*ACTIVITY:* Every line of the material is to be returned verbatim. Pictures stay out.

*THE DATA:*
• • • •

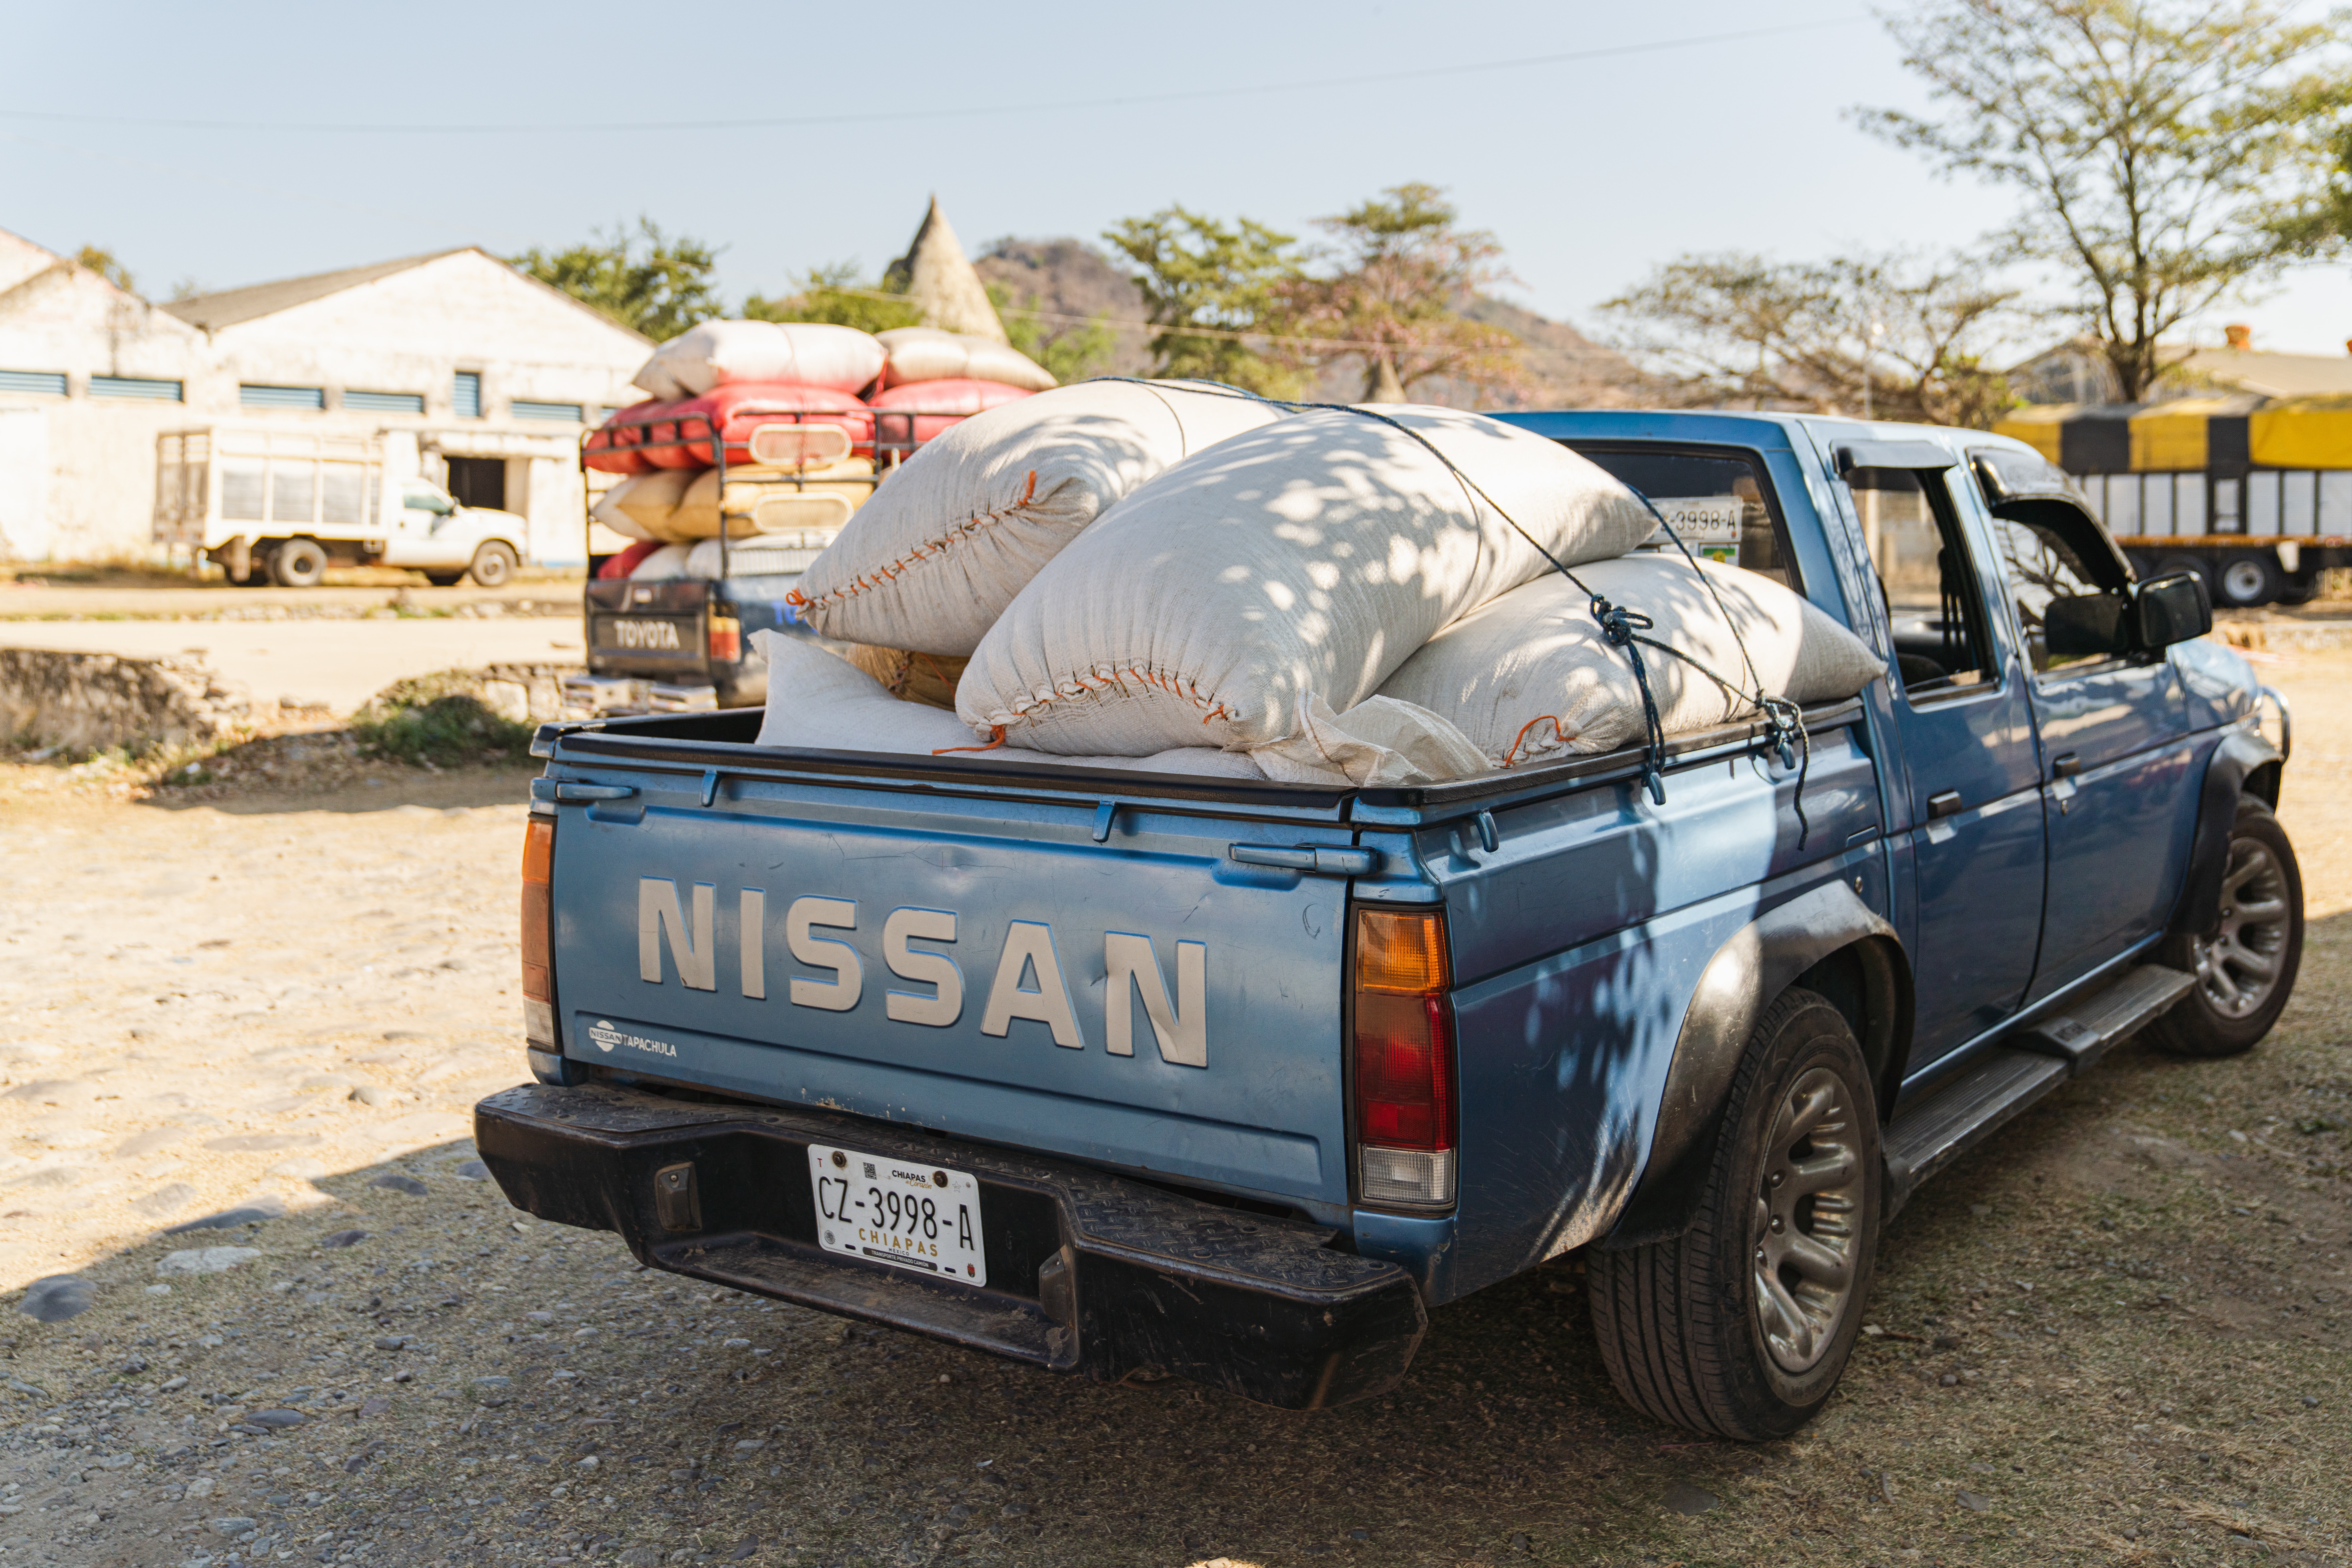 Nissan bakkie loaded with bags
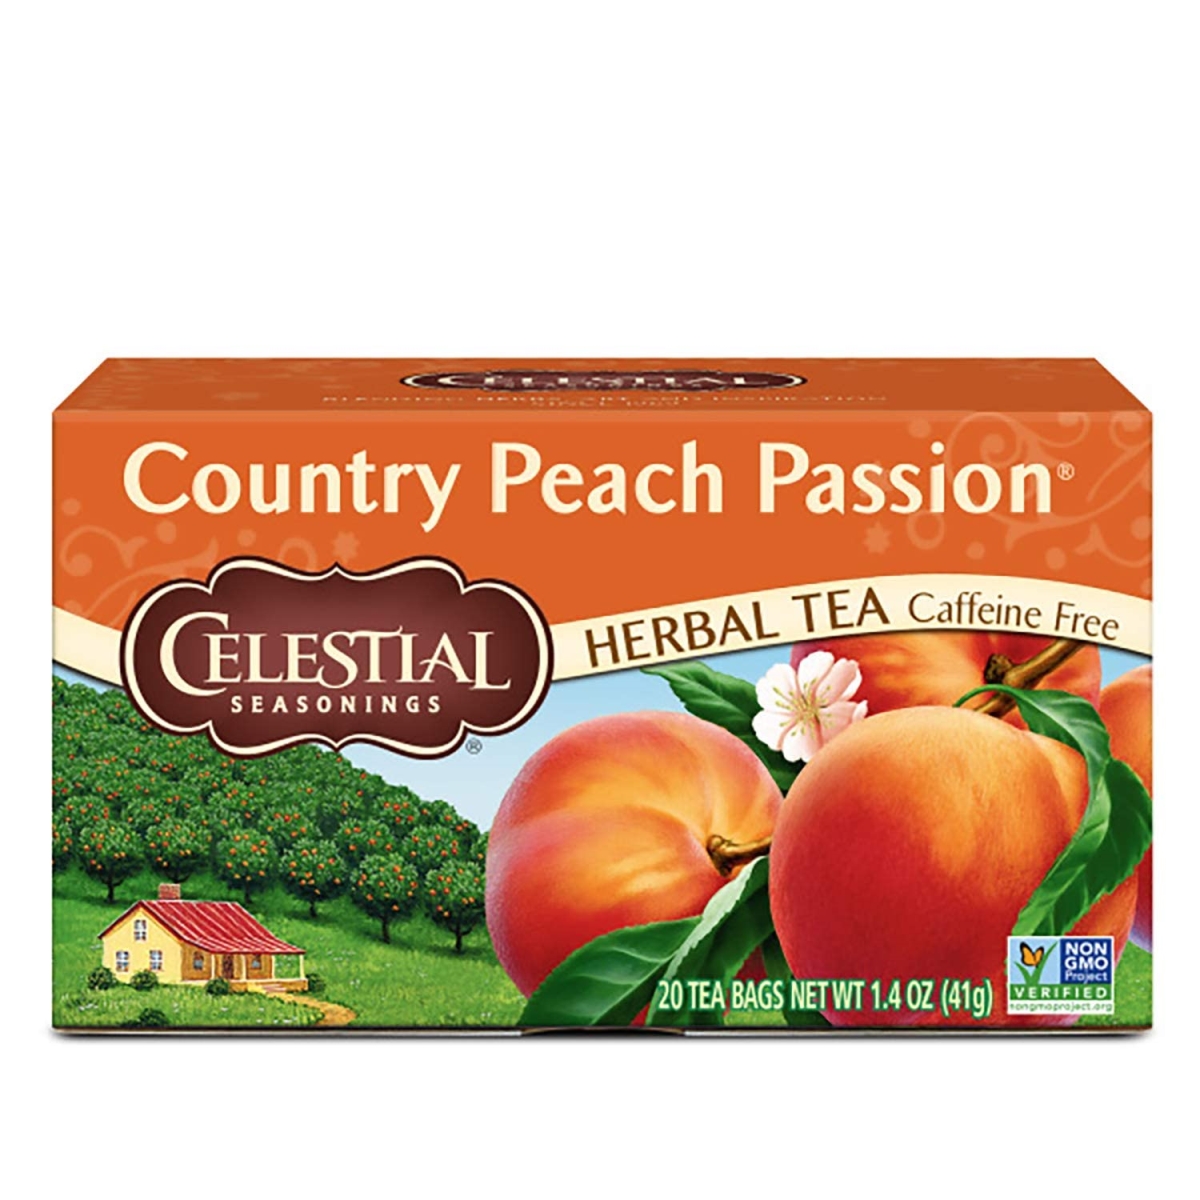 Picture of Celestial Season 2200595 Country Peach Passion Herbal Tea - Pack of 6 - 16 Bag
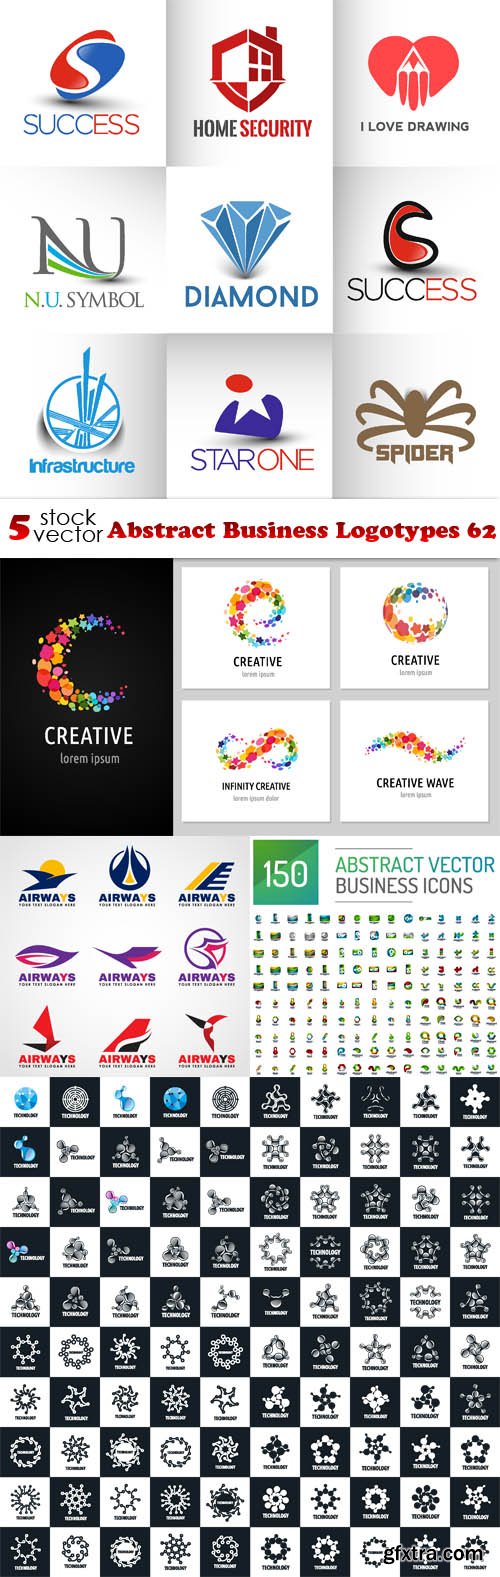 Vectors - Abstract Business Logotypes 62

• • • •

*ANSWER SECTION:*
 Nissan bakkie loaded with bags
 Picture of Celestial Season 2200595 Country Peach Passion Herbal Tea - Pack of 6 - 16 Bag
 Vectors - Abstract Business Logotypes 62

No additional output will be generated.